Nü Echo's tuning activities are supported by a full suite of tools, the most important of which are:

  • Batch Speech Recognition Environment — Advanced tuning of a speech application requires the ability to iteratively perform off-line speech recognition experiments with the grammars — static or dynamic — used by an application and analyze the results in order to improve speech recognition accuracy, set confidence thresholds, test post-processing algorithms, etc.
  • Confidence Score Training Framework — Confidence scores are extremely important for implementing effective speech applications. For instance, they are used to decide when a confirmation or a reprompt is required. Unfortunately, the confidence scores produced by commercial speech recognition engines are often far from optimal for a given grammar context. The reason is that these confidence scores are normally designed to produce acceptable results for any type of grammar, which basically means that we get sub-optimal results for any given grammar. When field data is available for a given grammar context, it is possible to train significantly better confidence scores, therefore making it possible to significantly enhance an application's performance.
  • Automated grammar weights tuning — Sometimes, recognition grammars need to be tuned with grammar weights in order to compensate for frequent recognition problems (e.g., insertions of small words). Manually tuning these grammar weights, however, is a very cumbersome and sub-optimal process. We have developed specialized algorithms that enable us to automatically tune grammar weights in order to maximize speech recognition accuracy.
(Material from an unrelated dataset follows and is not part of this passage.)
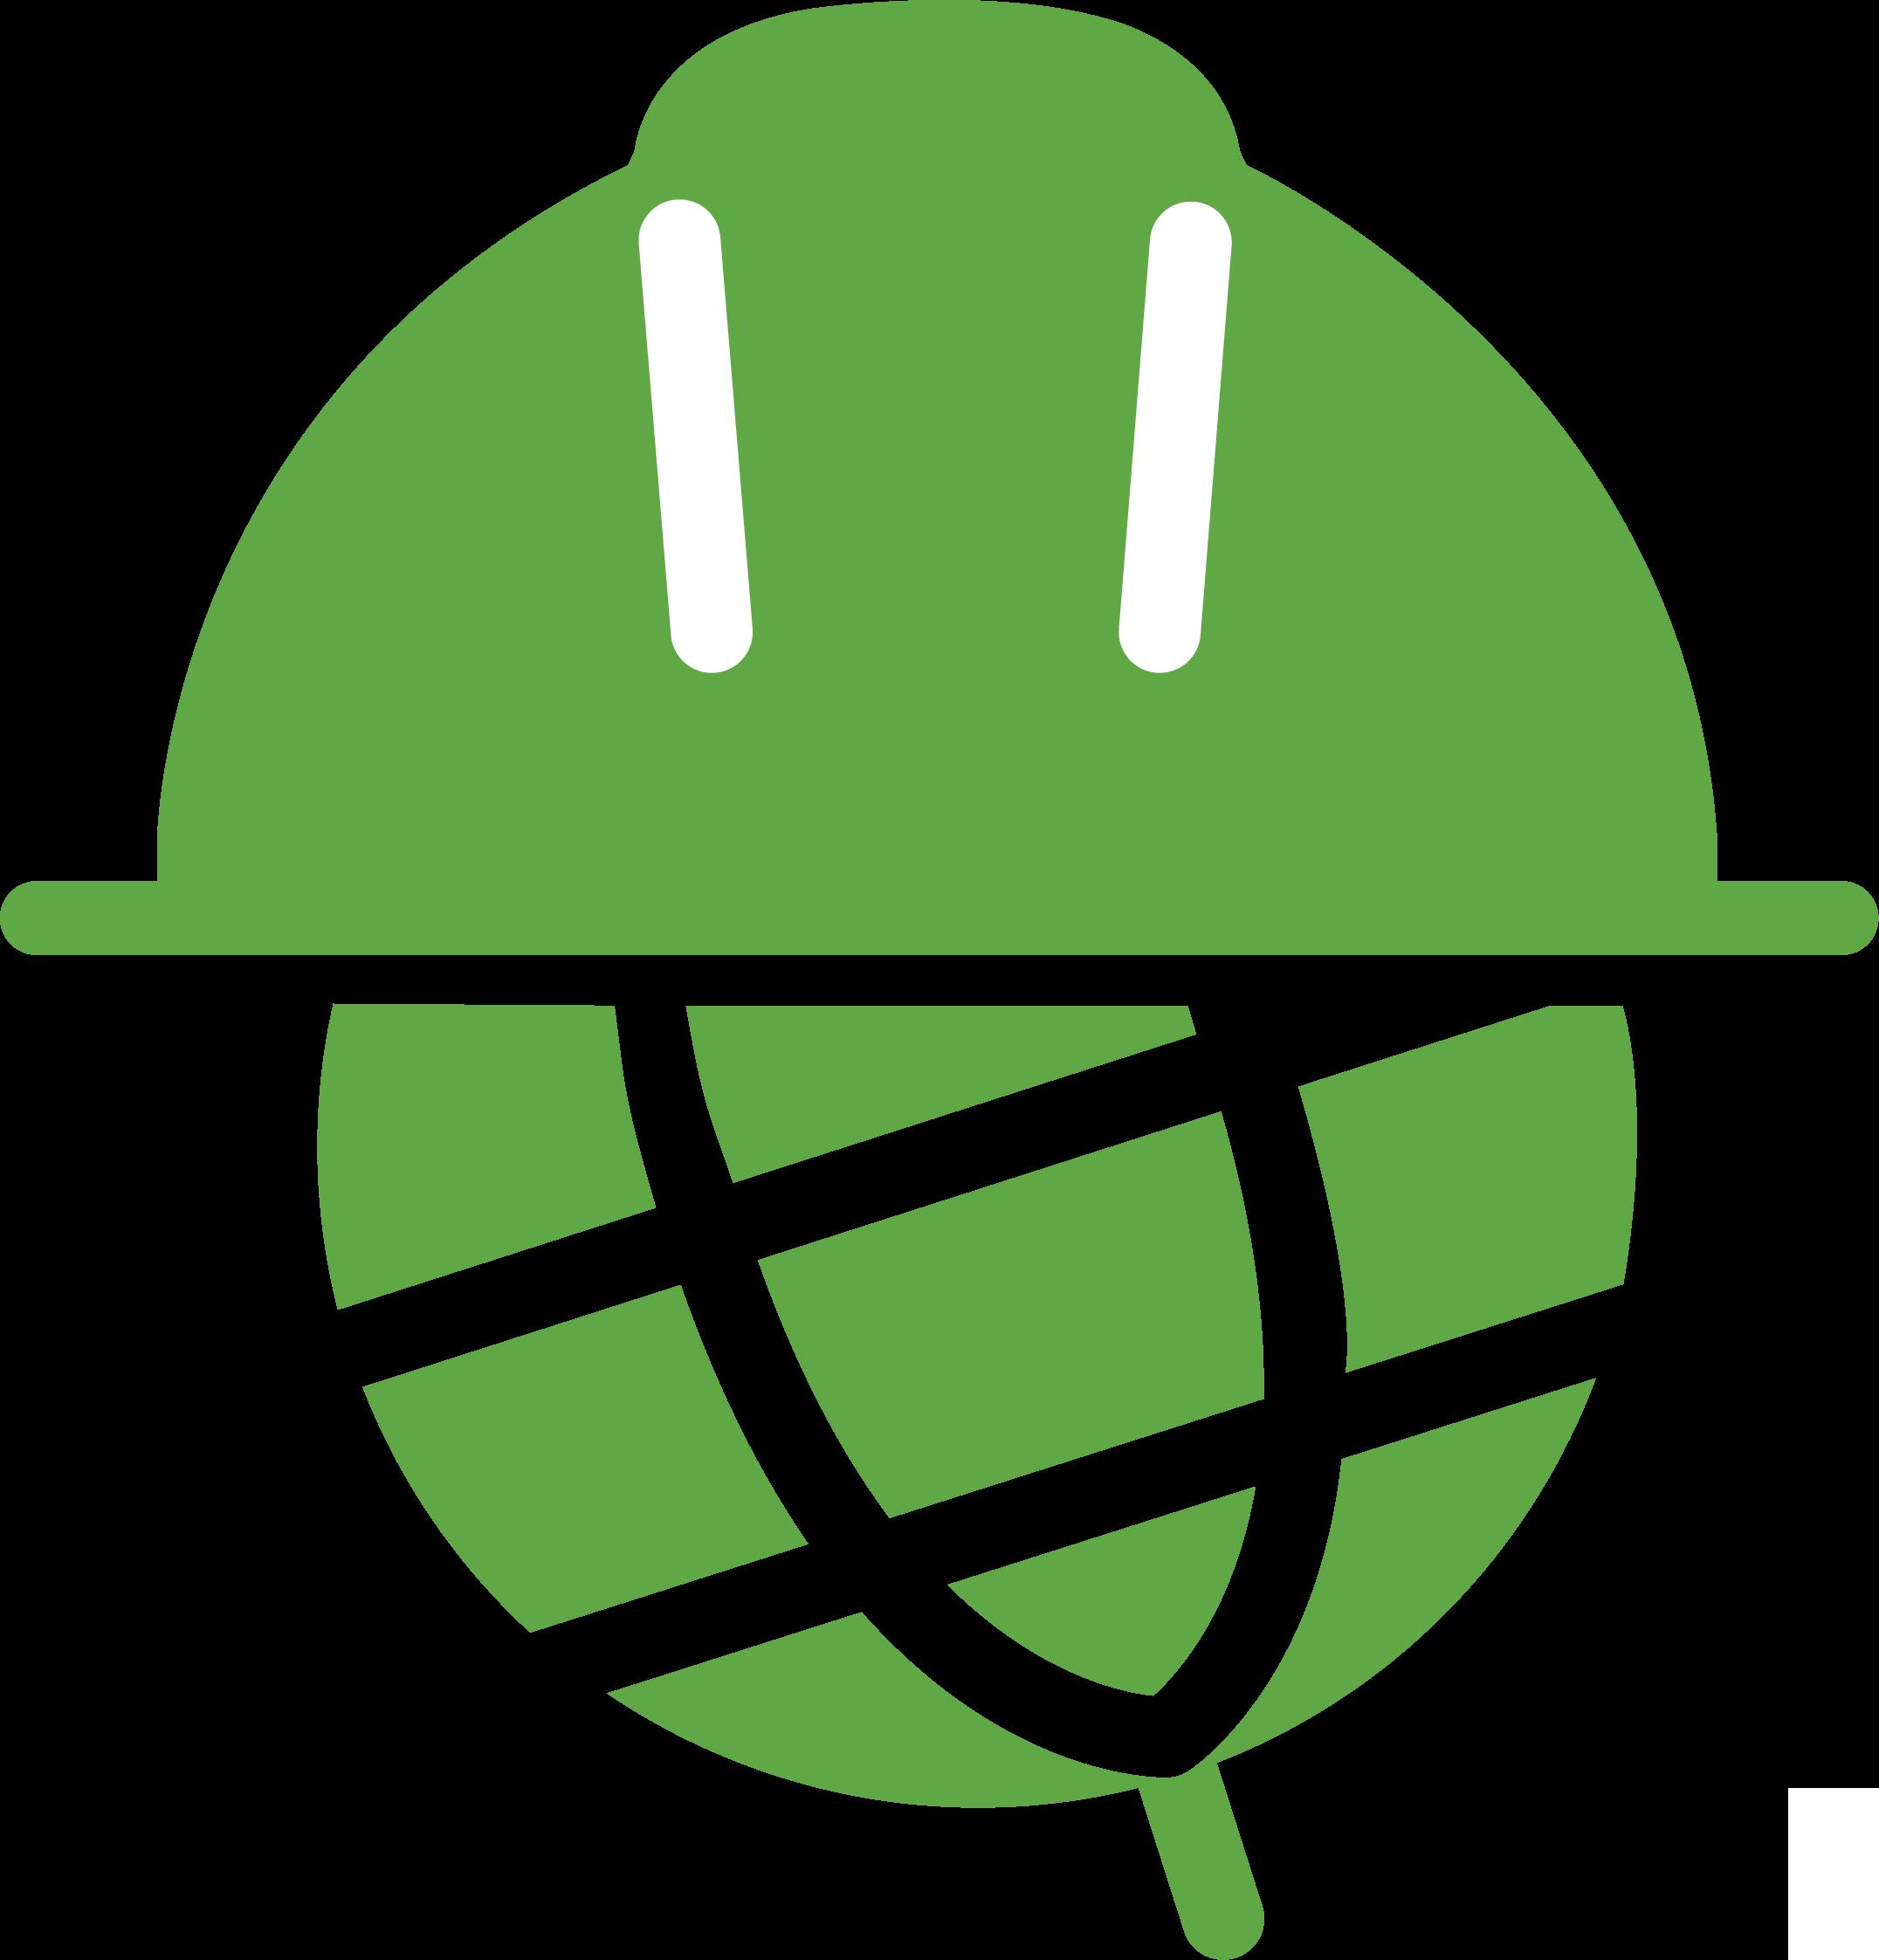 Global_Construction_Fill_Green369

  • Simulation & Optimization Environment for Response Verification Applications — Speech applications that require validating that the response provided by the user is the expected one (e.g., for identity verification using security questions) are very different from other types of speech applications in that the expected response is known beforehand and the goal of the application is to decide whether or not the caller has indeed provided the response. Tuning such applications, therefore, substantially benefits from a dedicated simulation and tuning environment.